### Work to complete
Retype exactly the lines from the one that contains "How to delete" through the end of the listing, both included, but not the pictures.

Start of Data for processing

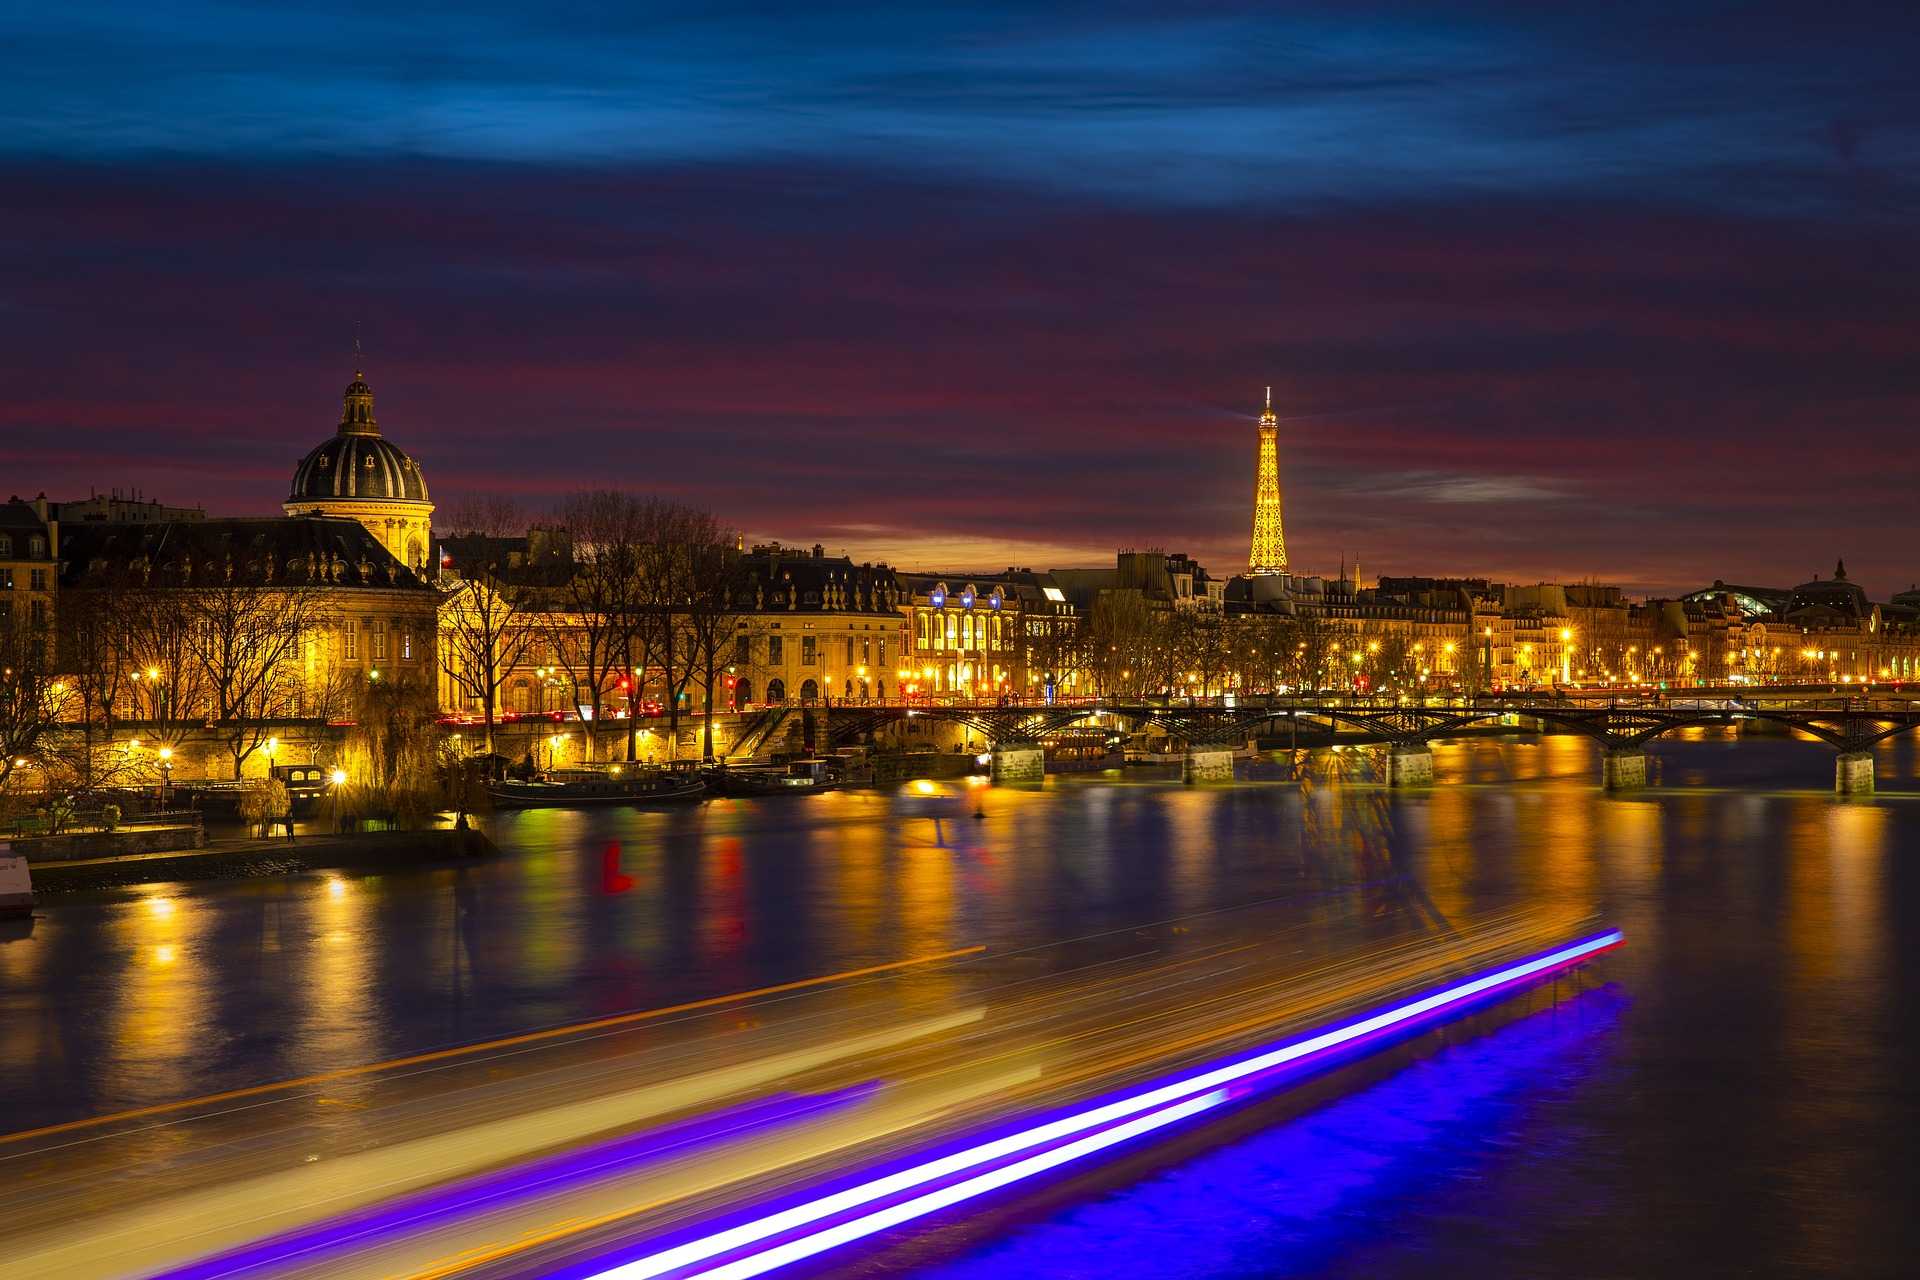 Seine River Cruise Tickets And Prices 
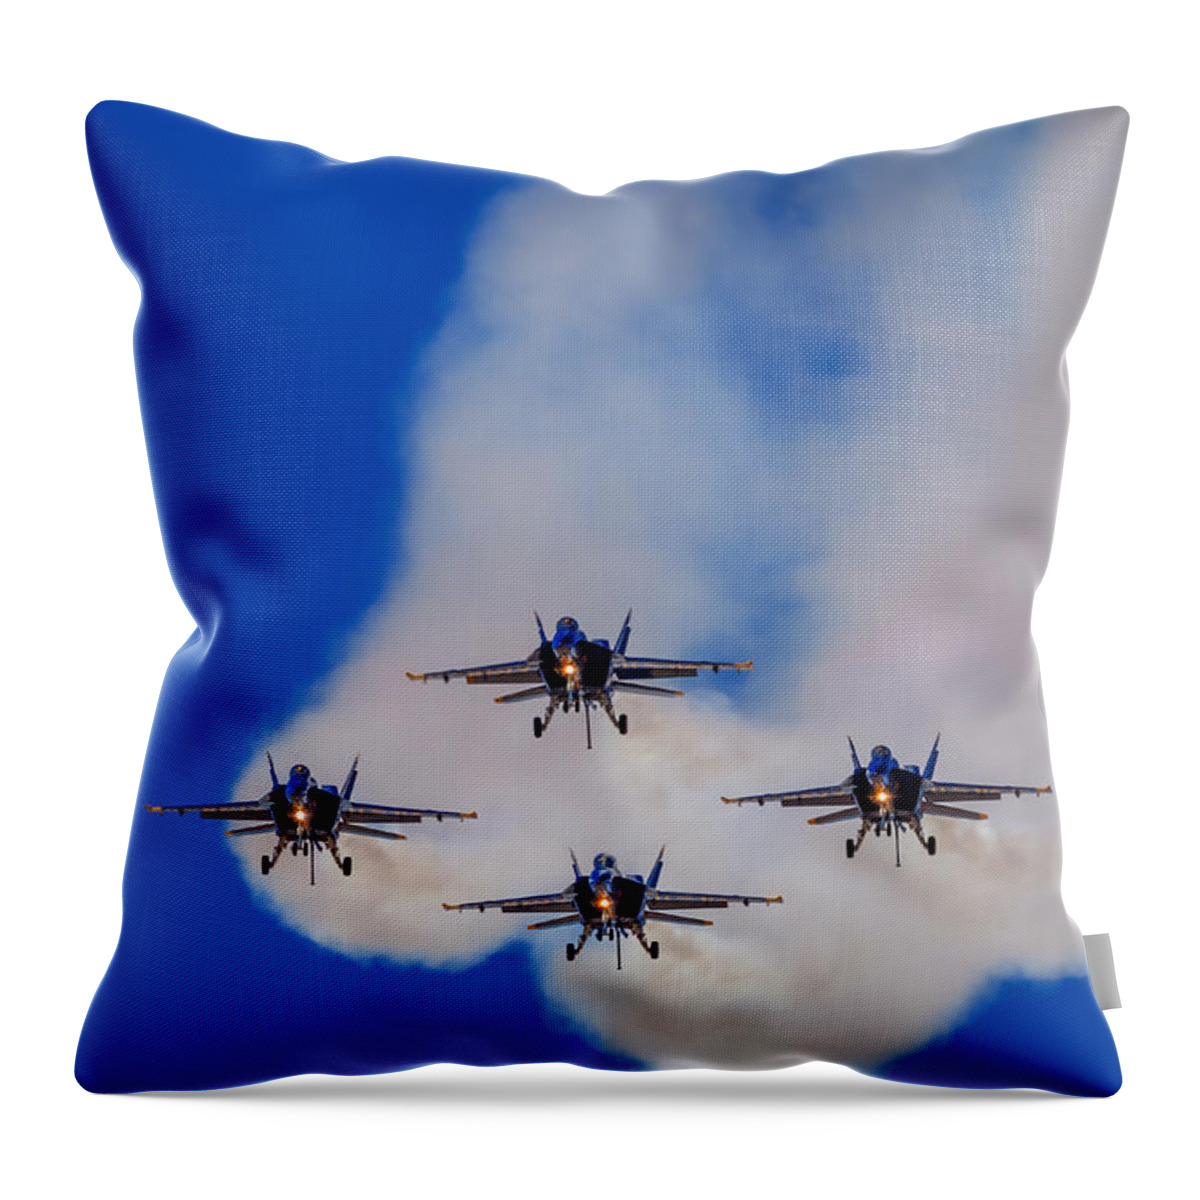 Top Gun Throw Pillow featuring the photograph The Blue Angels - U.S. Navy Flight Demonstration Squadron by Sam Antonio
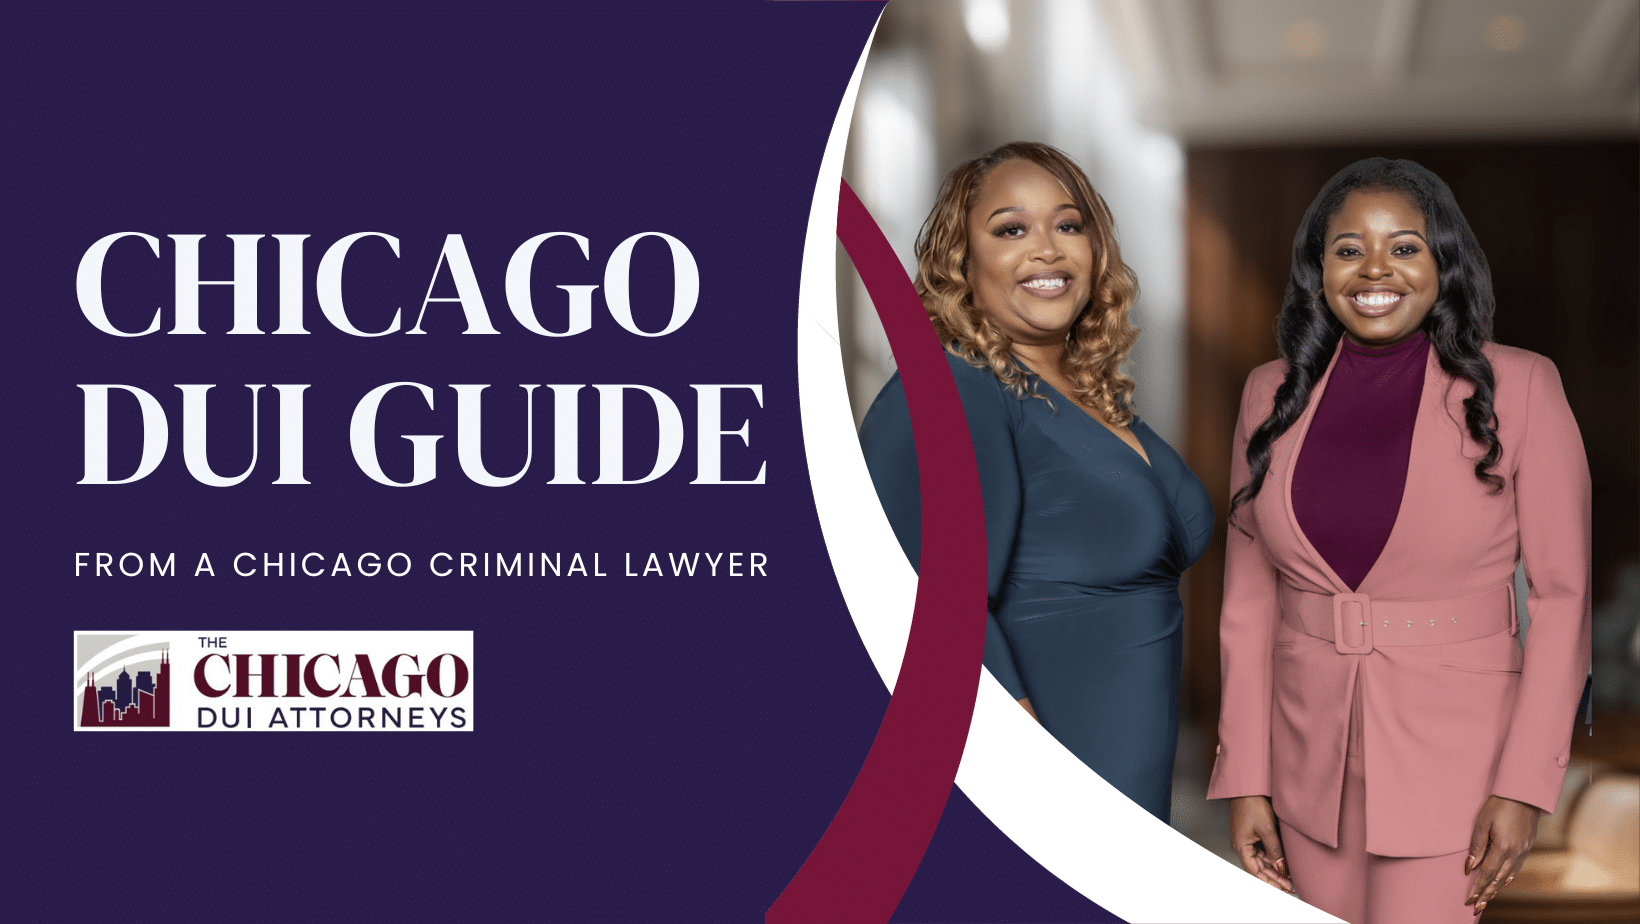 Chicago DUI Guide - The Chicago DUI Attorneys
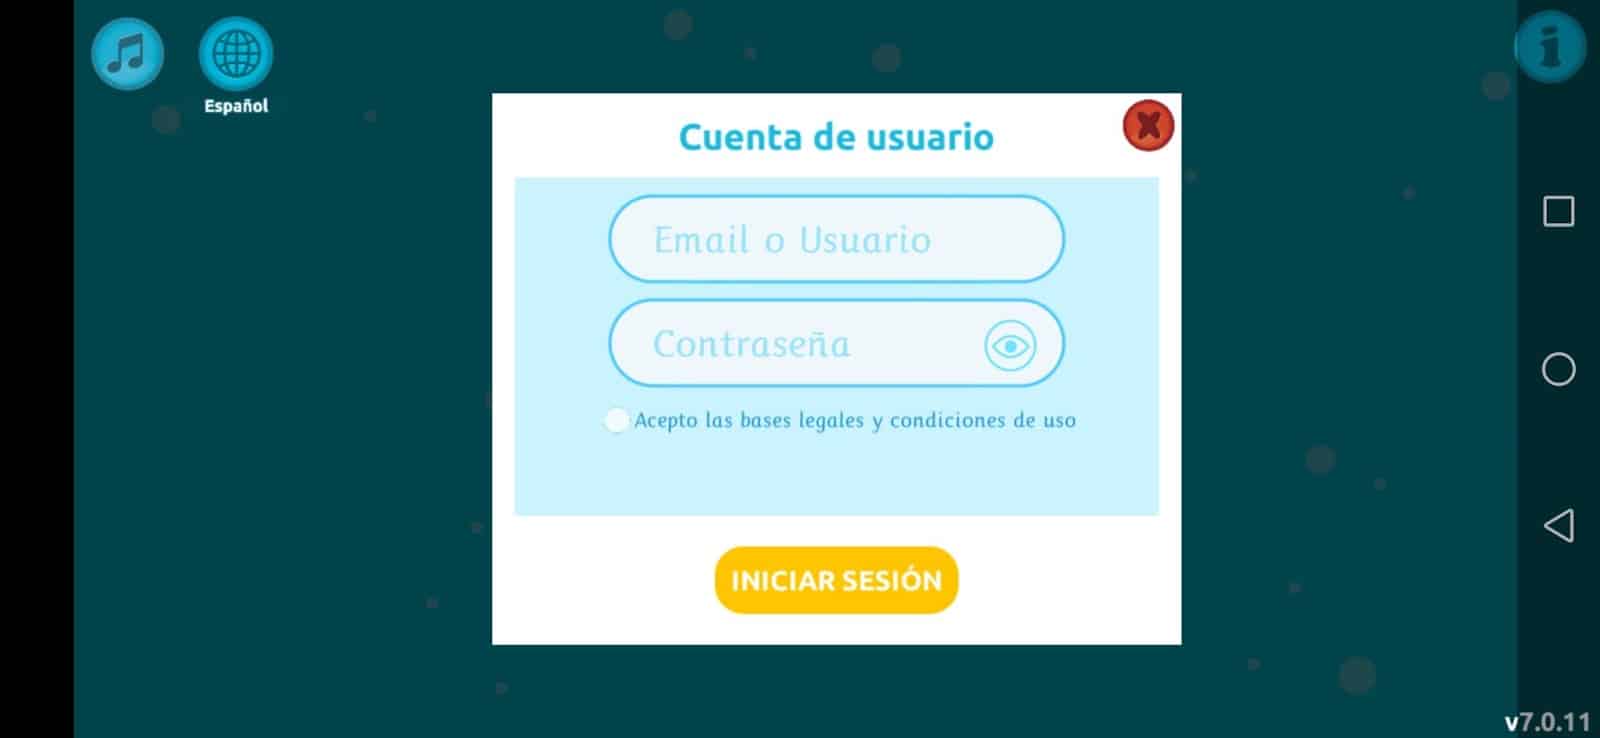 How to delete Catalan course? (Info in comments) : r/duolingo
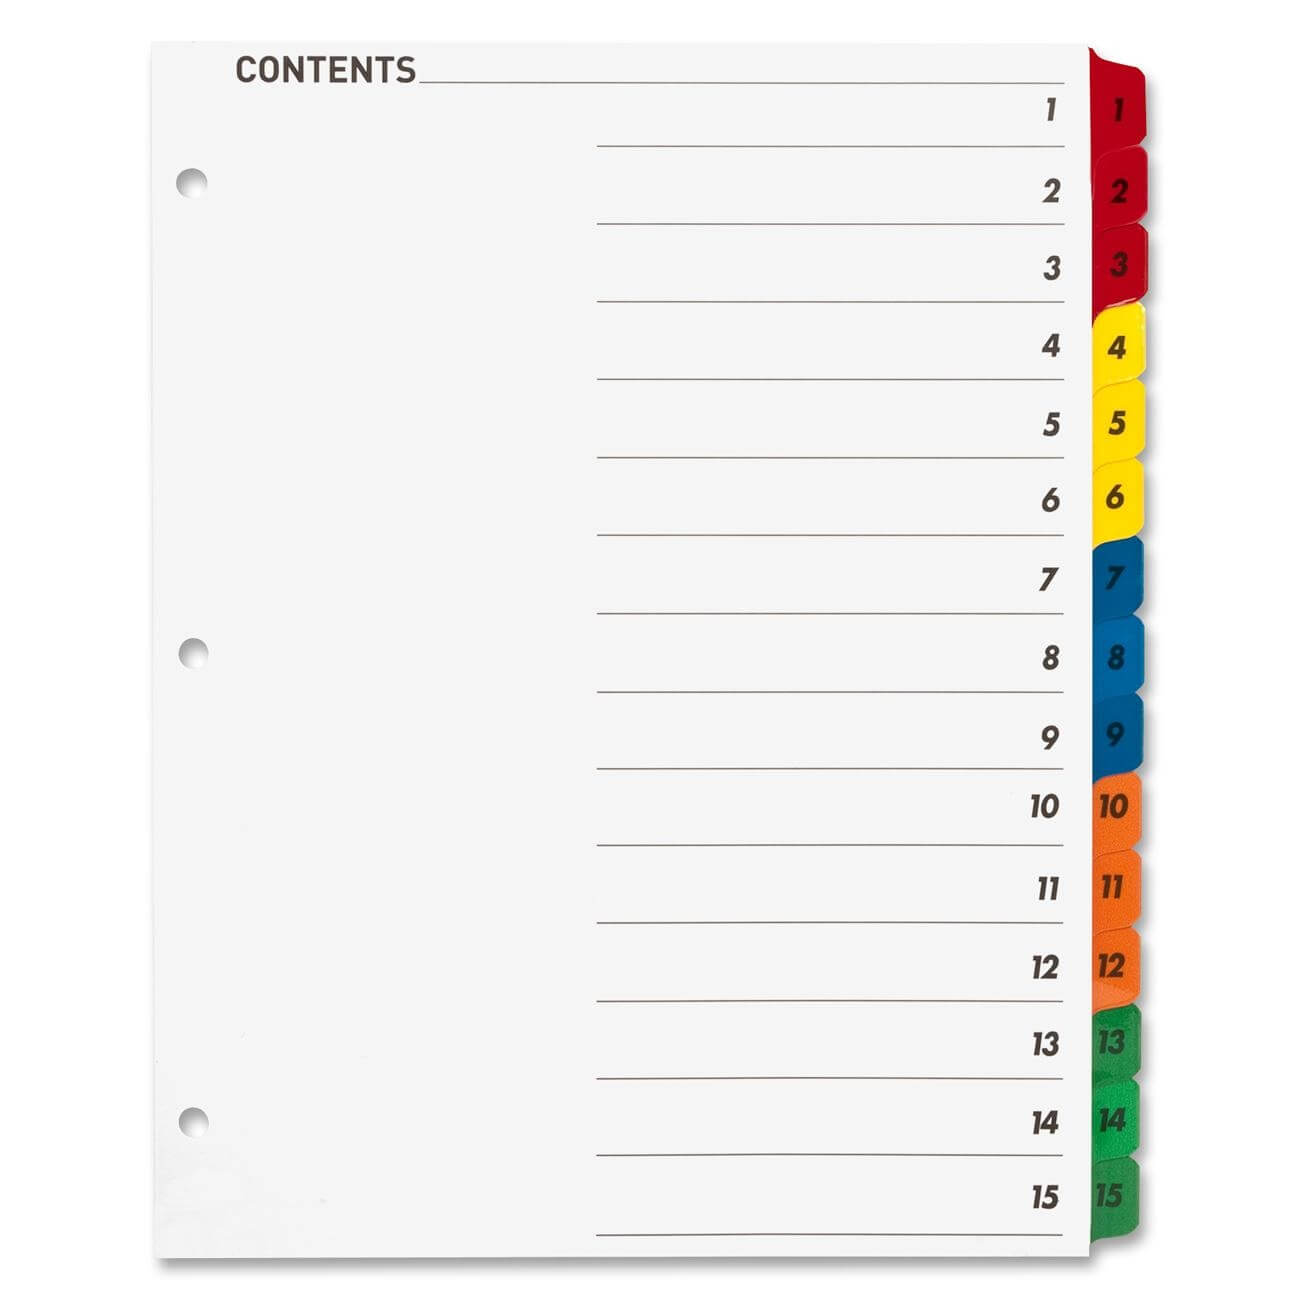 Blank Table Of Contents Layout | Cinemas 93 In Blank Table Of Contents Template

End of Data for processing

### The answer
 How to delete Catalan course? (Info in comments) : r/duolingo
 Blank Table Of Contents Layout | Cinemas 93 In Blank Table Of Contents Template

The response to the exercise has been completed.